Adverse events of acupuncture mainly involve local ecchymoses, fainting, serious pain, and local infection, with close relevance to the subjective experience of patients and the penetration technique of acupuncturists. All the acupuncturists will undergo pretrial training and an entrance examination before the trial to ensure a safe operation. We will record any acupuncture-related adverse events that occur during the treatment, and operators will take necessary corresponding treatment measurements. In case of serious adverse events, the clinical trial will be interrupted immediately by investigators, and an effective treatment shall be taken. At the same time, the serious adverse events will be reported to the ethical review board in the hospital of Chengdu University of Traditional Chinese Medicine within 24 h. The whole process will be recorded in detail.

Sample size

A previous study has found an average LH/FSH ratio for patients with PCOS after true acupuncture treatment of 1.4 [33]. Thus, we expect that the average LH/FSH ratio will be 1.0 in the study group and 1.6 in the control group. Assuming a power of 80% and a significance level of 0.05, 37 participants in each group will be required, as calculated using the t-test in G*Power. Based on a 15% dropout rate, 86 patients will be recruited, with no less than 43 participants in each group. Since there is no standard sample size calculation for metagenomic analysis at present, according to most of the studies about gut microbial studies for PCOS [44, 66], of the 86 participants, 10 patients in each group (5 patients with post-intervention serum LH/FSH levels of 1.0–1.5 and 5 patients with serum LH/FSH levels over 1.5) will be selected for metagenomic analysis.
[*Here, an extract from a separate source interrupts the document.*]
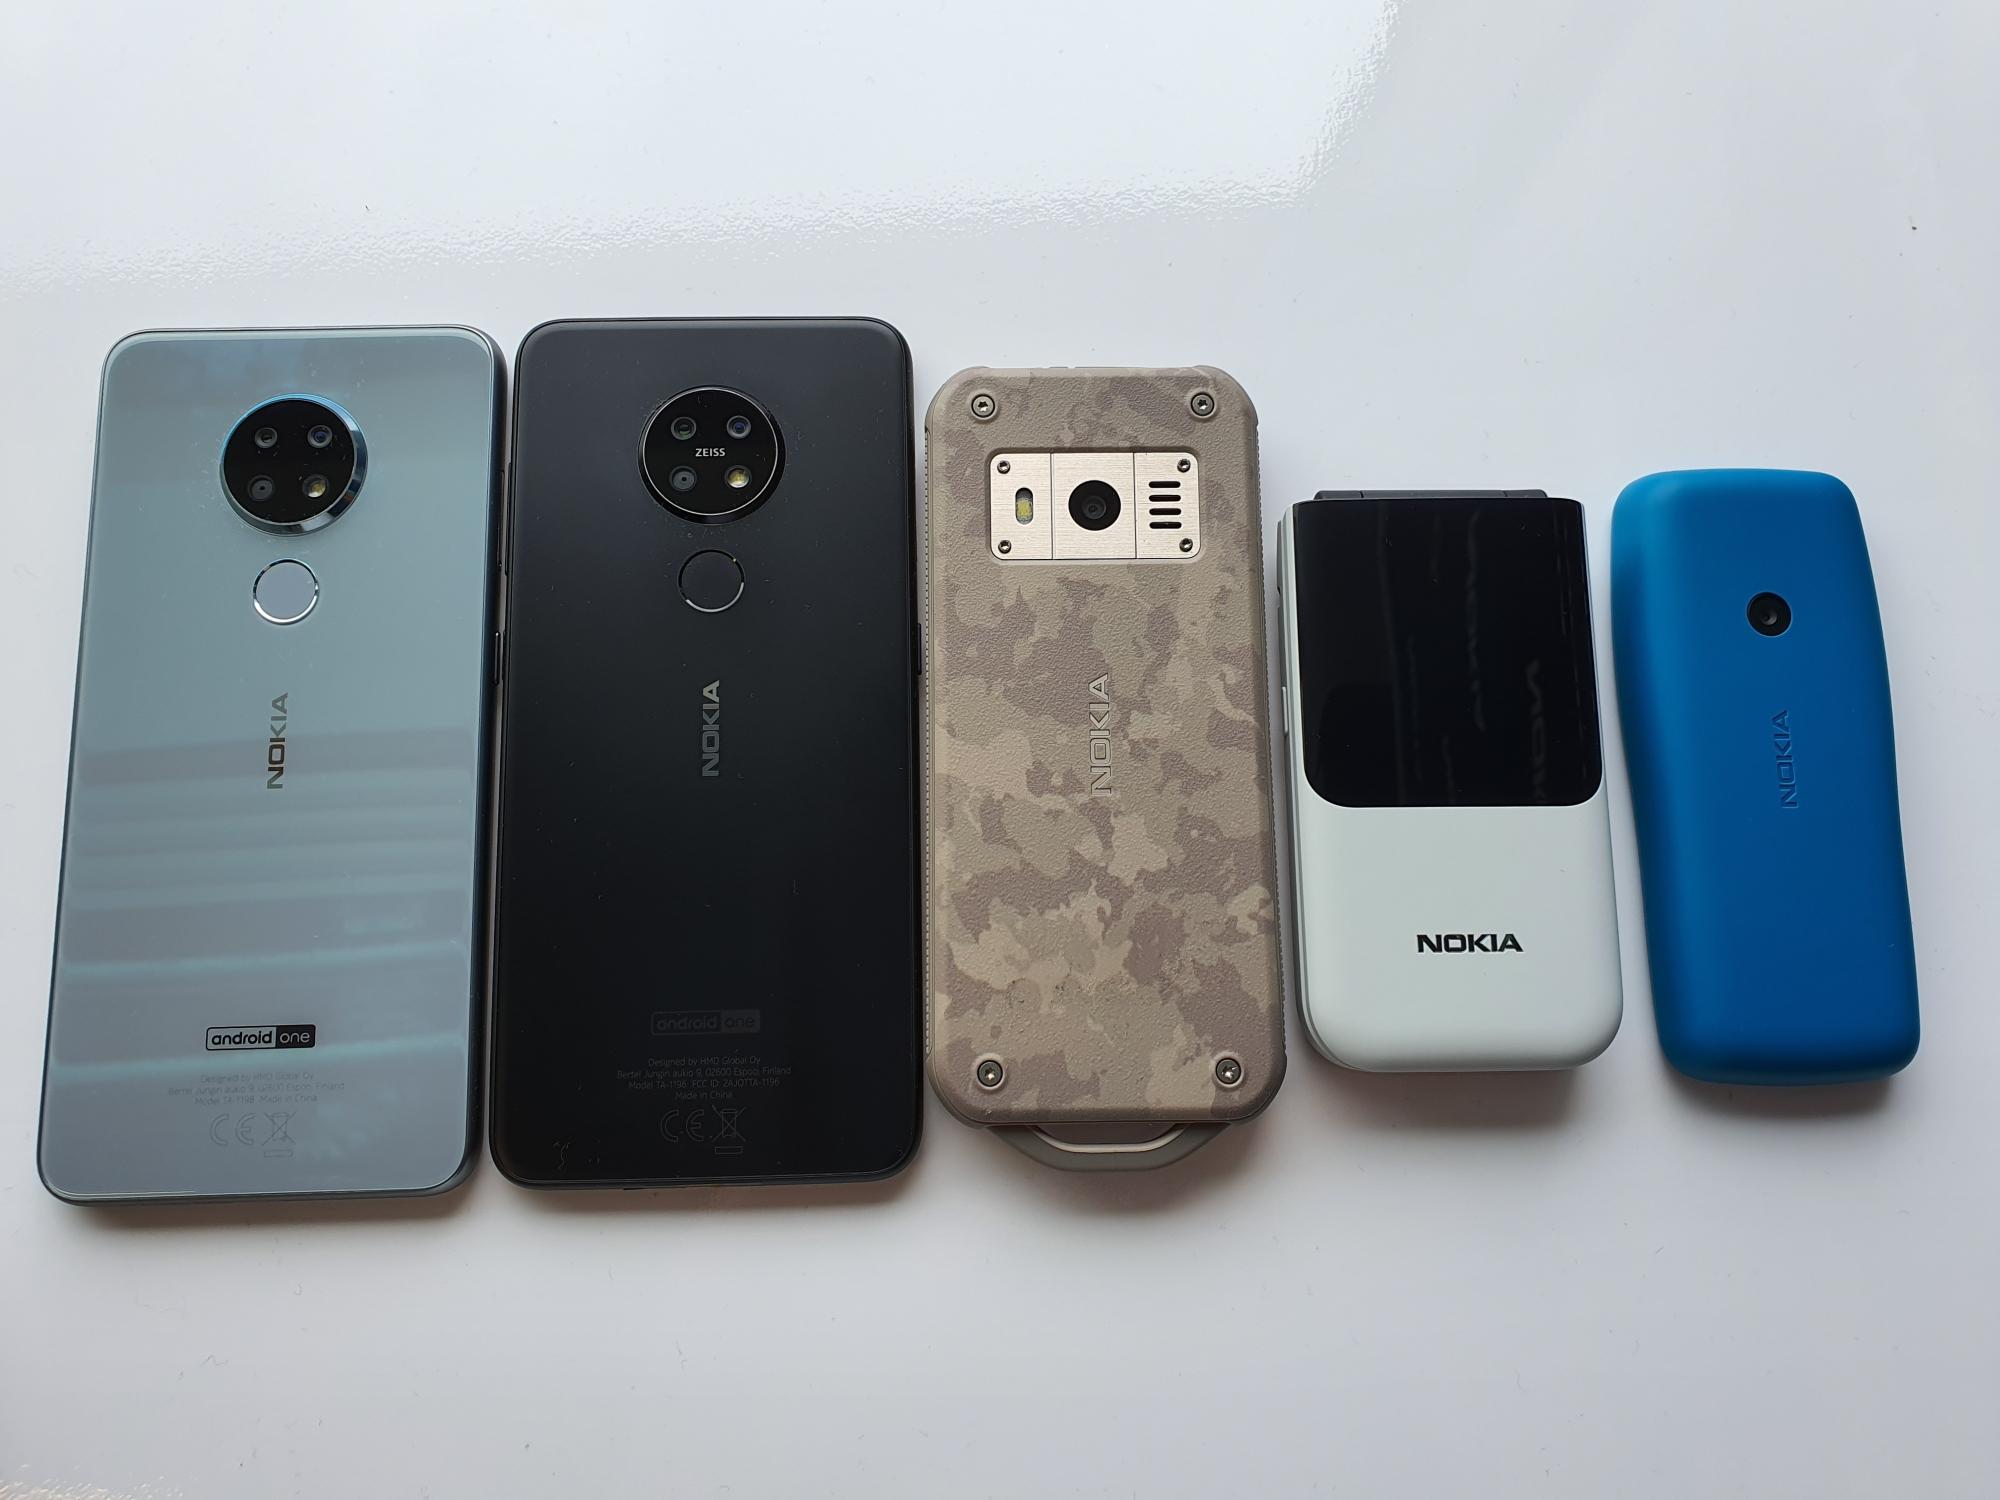 Festiwal nowości Nokii: słuchawki, dwa smartfony i trzy telefony 23

Randomization and allocation concealment

Patients will be randomly assigned to the study group or control group in a 1:1 ratio using a random number table. The random numbers will be provided by an independent statistician using the SPSS statistical software (version 19.0, SPSS Inc., Chicago, IL, USA). Random numbers and treatment protocols will be placed in sealed envelopes by an independent investigator. When a patient is enrolled, acupuncturists will check whether the envelope is sealed and then open the envelope to find the random number and treatment protocol for the patient.

Blinding

As this is an open-label trial, neither the patients nor the acupuncturists will be blinded for the treatment. However, to eliminate potential bias, other researchers (including data collectors and statisticians) will be blinded.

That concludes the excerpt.